You would like to determine the percentage of coffee drinkers in your university, and collected the following binary data set from random students on campus, 1 for coffee drinker and 0 for otherwise:

0,0,0,1,1,0,1,0,1,1,1,1,0,0,0,1,0,1,0,0,0,0,0,1.

Let Yi denote the i 'th number in this list. You decide to model this data set under the following assumptions: Y1,…,Yn are identically distributed as some random variable Y. Y1,…,Yn are independent. Yi only takes the value 0 or 1 .
Under these assumptions, how many unknowns are needed to specify the distribution of Y ?

Well, first of all, let me just say that determining the percentage of coffee drinkers in your university sounds like a really stimulating task!

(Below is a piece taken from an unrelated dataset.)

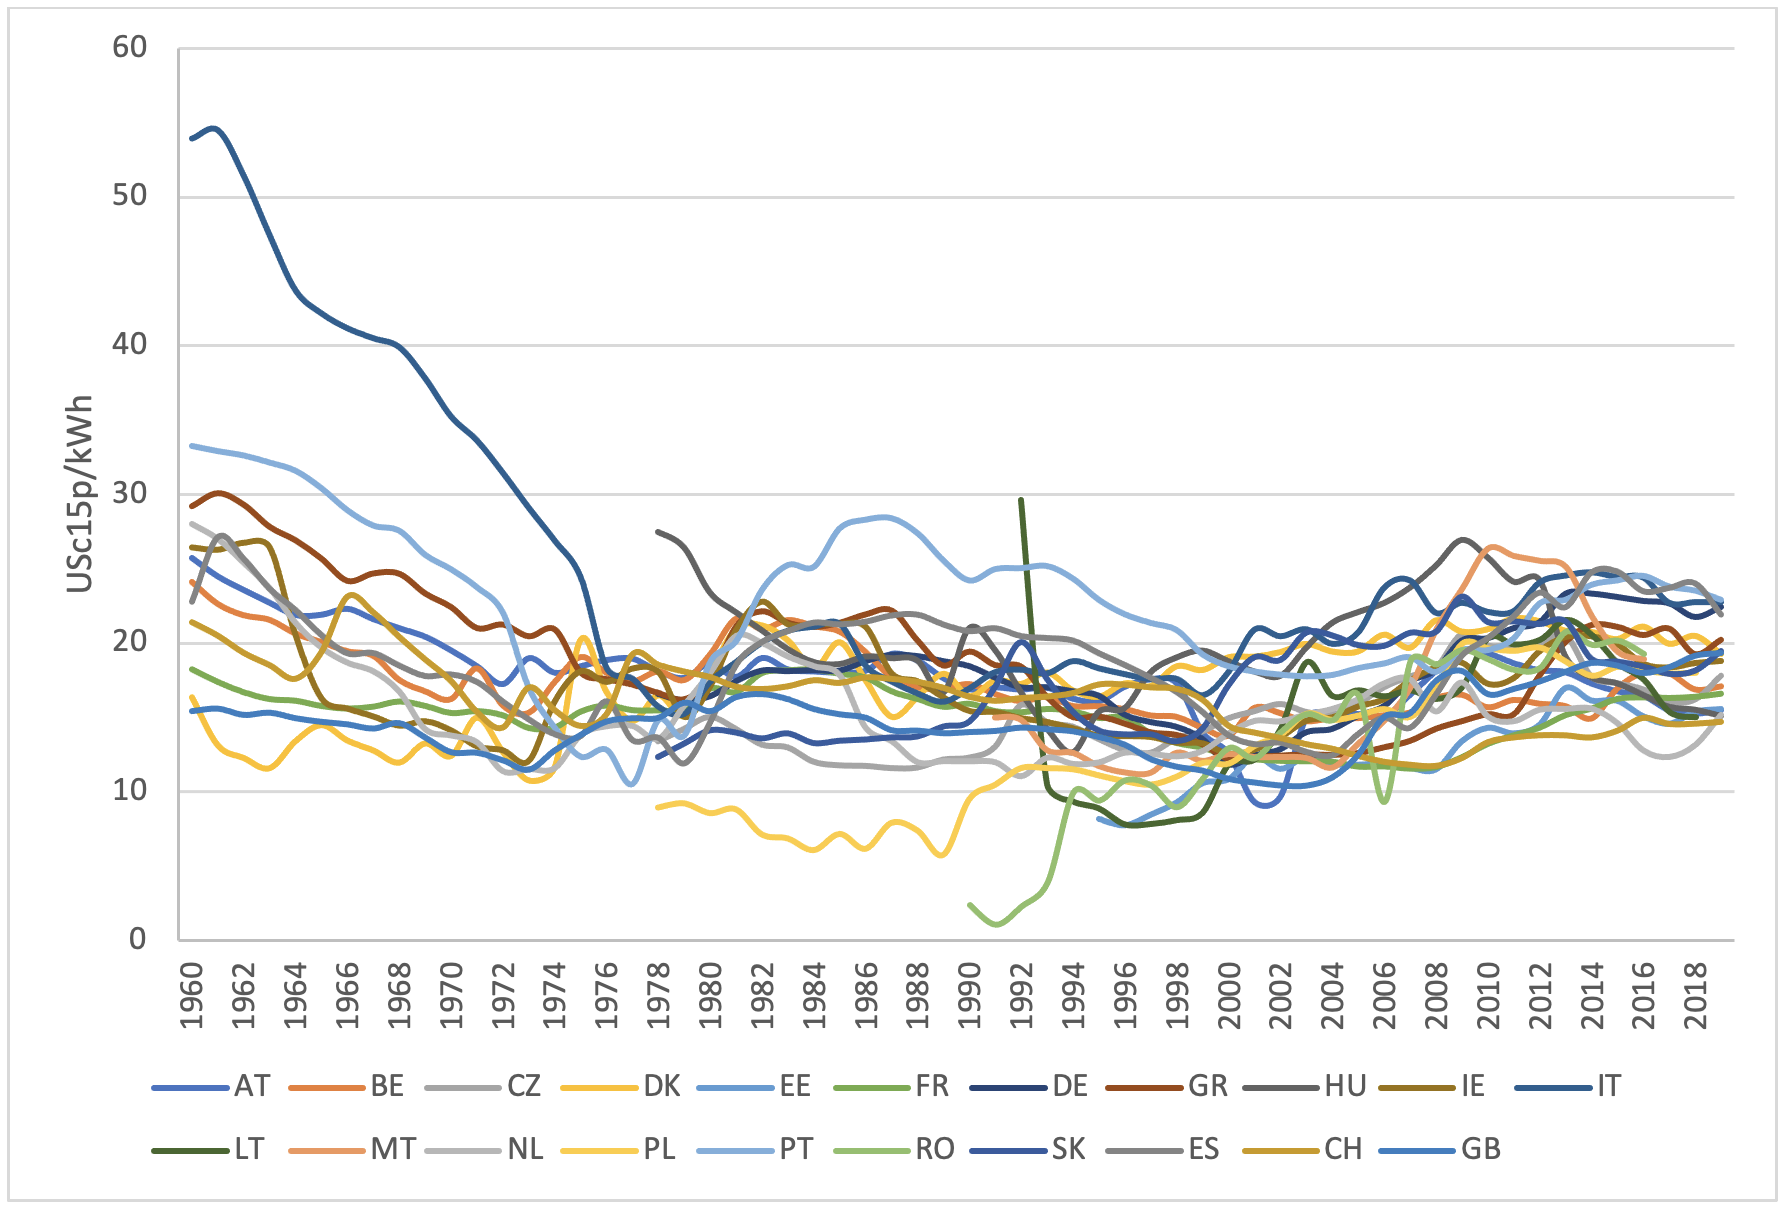 Figure 1. Economy-wide real electricity prices for many European countries, 1960-2019 (unbalanced).
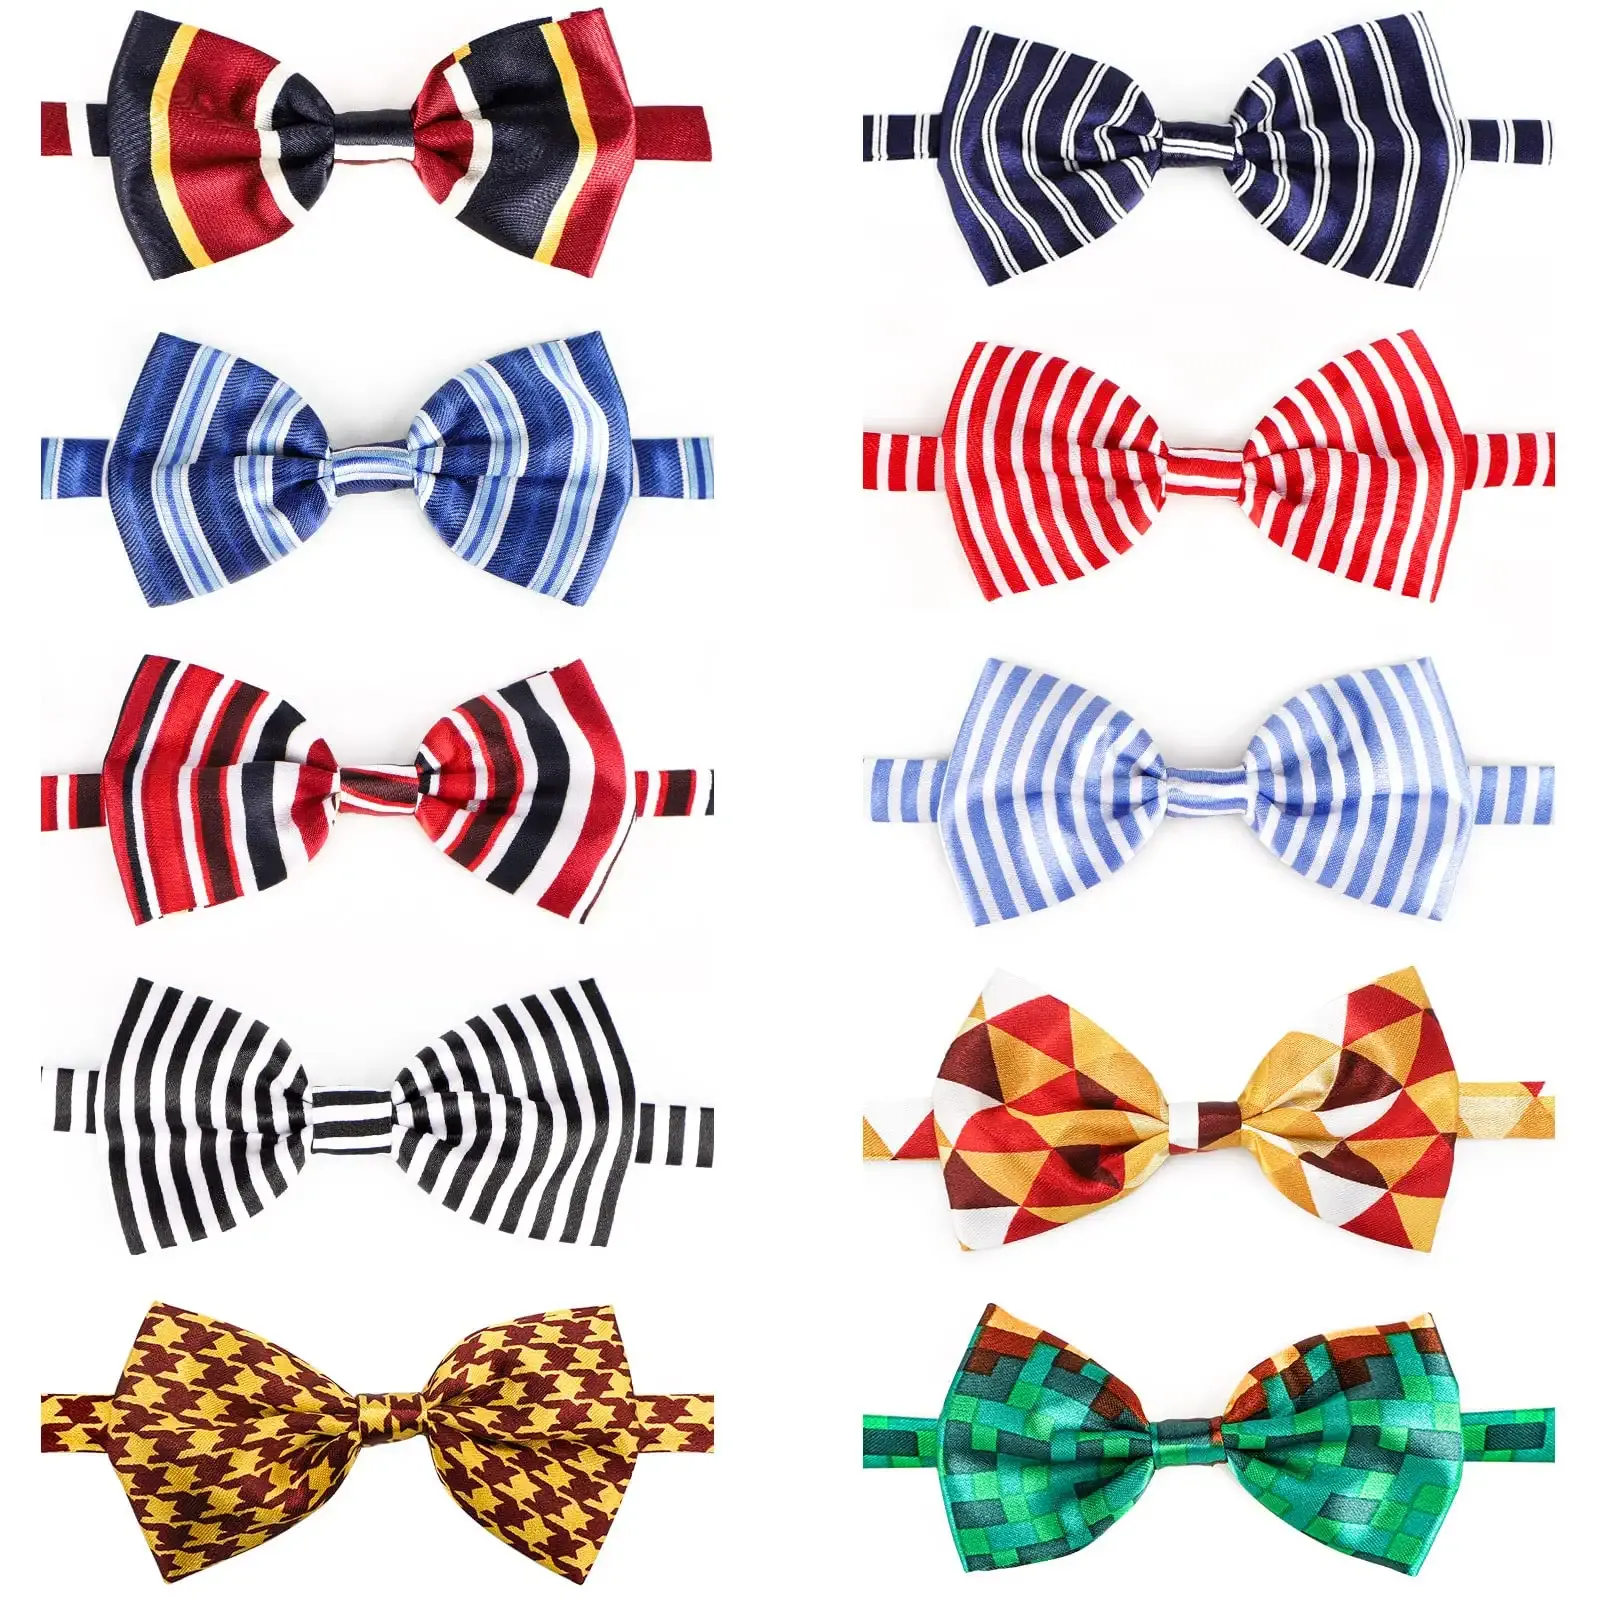 3ml pet dog bow ties collar adjustable cat bow ties neck bows bulk pet bowties mix solid pet collars accessories for small medium dog cat pets christmas birthday holiday photography

To answer your question, if we assume that Y follows a binomial distribution (with probabilities p for success and 1-p for failure), then we only need to determine the value of one unknown: p. This is because the binomial distribution is completely specified by the number of trials (n) and the probability of success in each trial (p).

So, to summarize, you only need to determine the value of one unknown (p) to fully specify the distribution of Y. Just like a good cup of coffee, one unknown is all you need to get a satisfying answer!

To specify the distribution of Y under these assumptions, we need to determine the parameters of the distribution. In this case, there are two possible values for Y (0 or 1), so we can use a Bernoulli distribution.

The Bernoulli distribution is characterized by a single parameter, p, which represents the probability of success (in this case, the probability of being a coffee drinker).

Therefore, we need one unknown (p) to specify the distribution of Y.

To determine the distribution of Y, we can assume that it follows a Bernoulli distribution since Yi can only take the values of 0 or 1. Therefore, we need to know the probability of success (p), which represents the probability of a student being a coffee drinker.

In this case, we can calculate p by counting the number of 1's in the data set and dividing it by the total number of observations:

p = Number of 1's / Total observations

From the given data set: 0,0,0,1,1,0,1,0,1,1,1,1,0,0,0,1,0,1,0,0,0,0,0,1

There are 10 occurrences of 1's in the data set, and the total number of observations is 24. Therefore, p = 10/24 = 0.4167.

Now, to specify the distribution of Y, we need to know the value of p, which represents the probability of success in a Bernoulli distribution. Since p is a single unknown parameter, only one unknown is needed to specify the distribution of Y in this case.